■ **Records for the exercise**
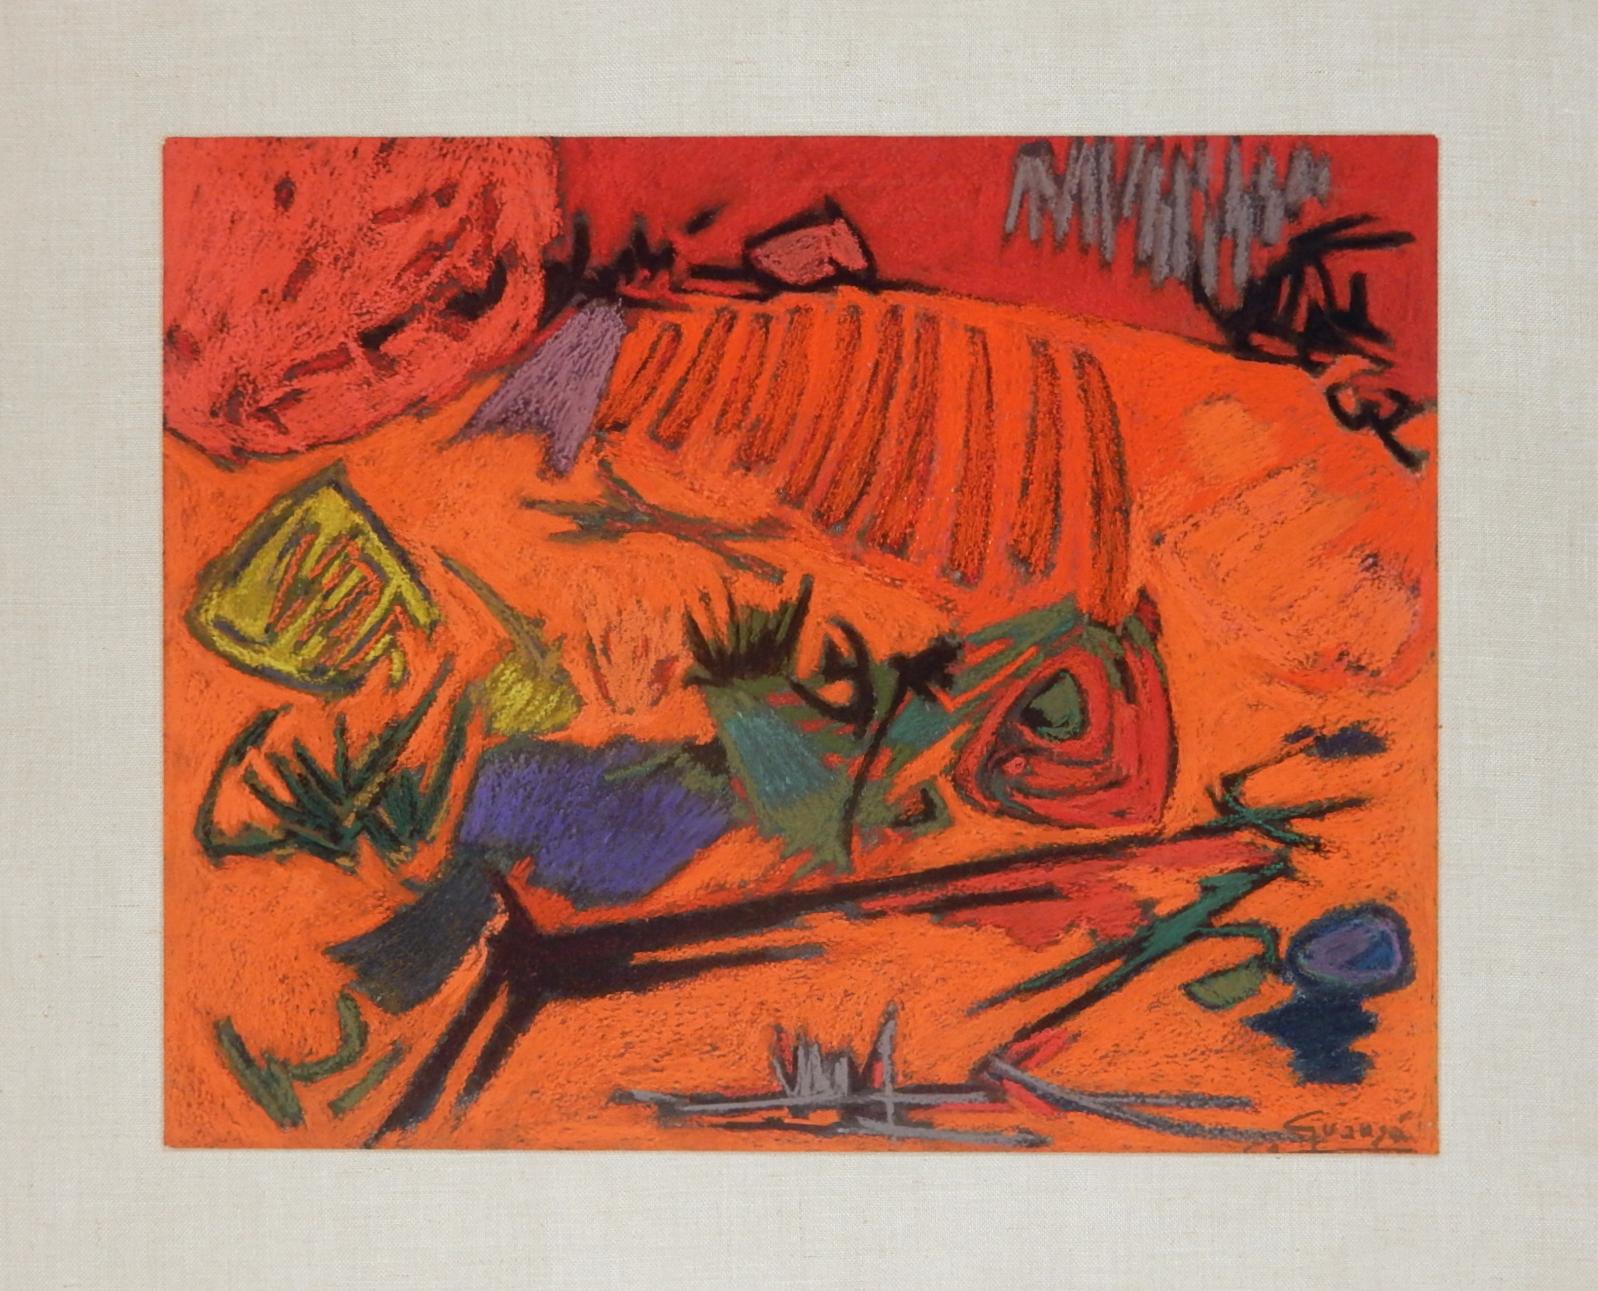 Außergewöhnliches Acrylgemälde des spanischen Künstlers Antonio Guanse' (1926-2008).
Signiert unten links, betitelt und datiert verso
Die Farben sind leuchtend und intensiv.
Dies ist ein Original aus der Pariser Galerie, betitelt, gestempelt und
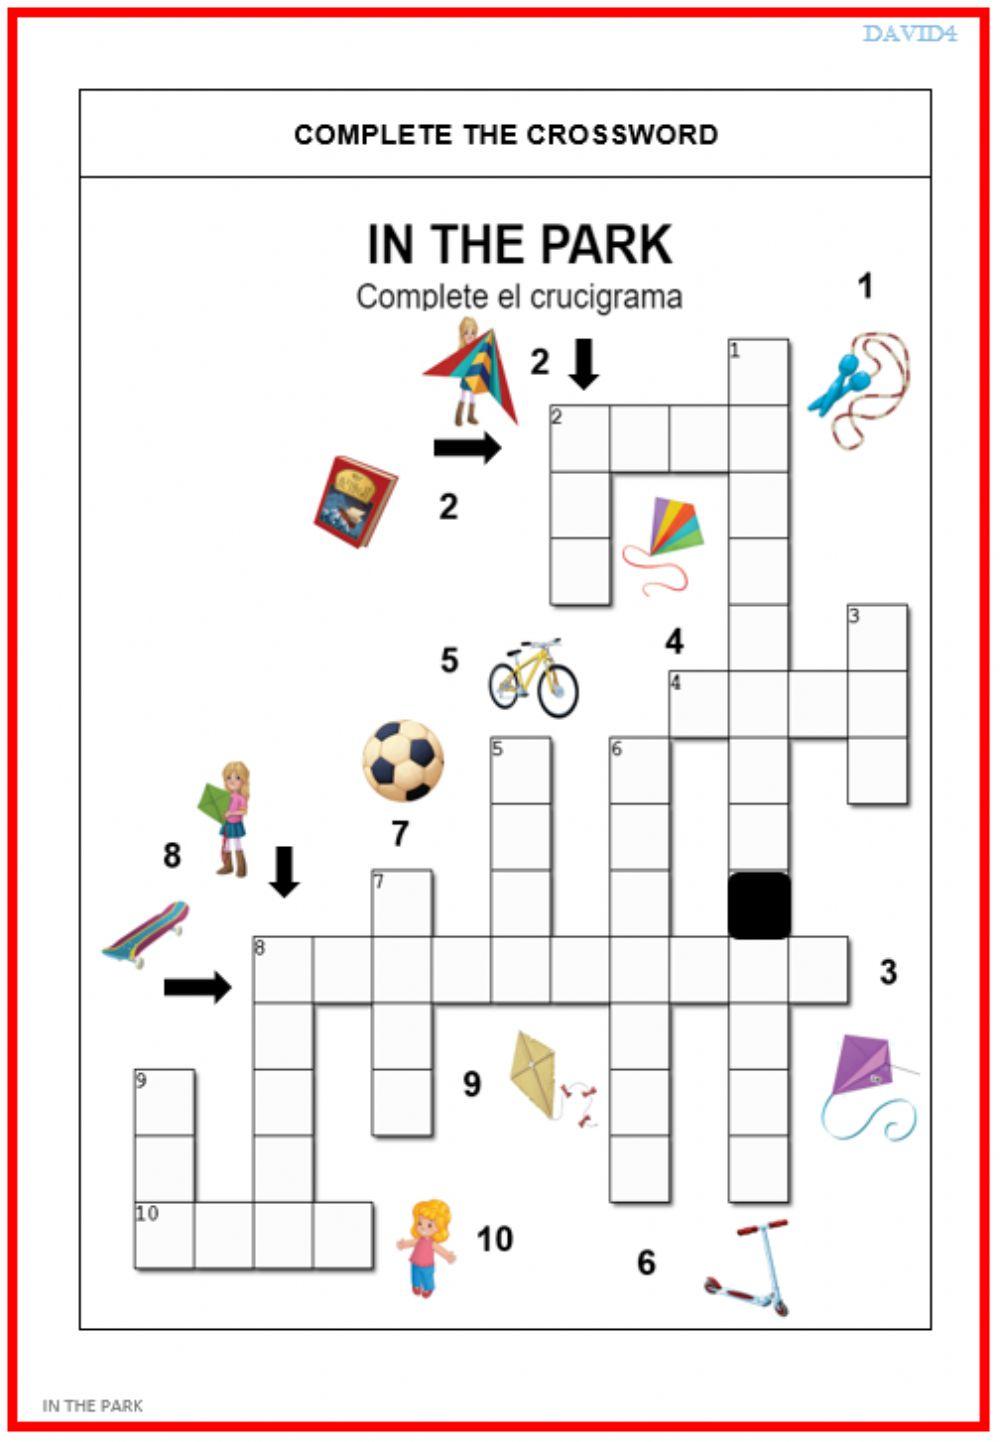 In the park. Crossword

■ **Try it**
Once the line containing "Die Farben sind leuchtend und intensiv." is found, transcribe it and every line after it to the end of the records, exactly and with no pictures.

■ **Answer section**
Die Farben sind leuchtend und intensiv.
Dies ist ein Original aus der Pariser Galerie, betitelt, gestempelt und
 In the park. Crossword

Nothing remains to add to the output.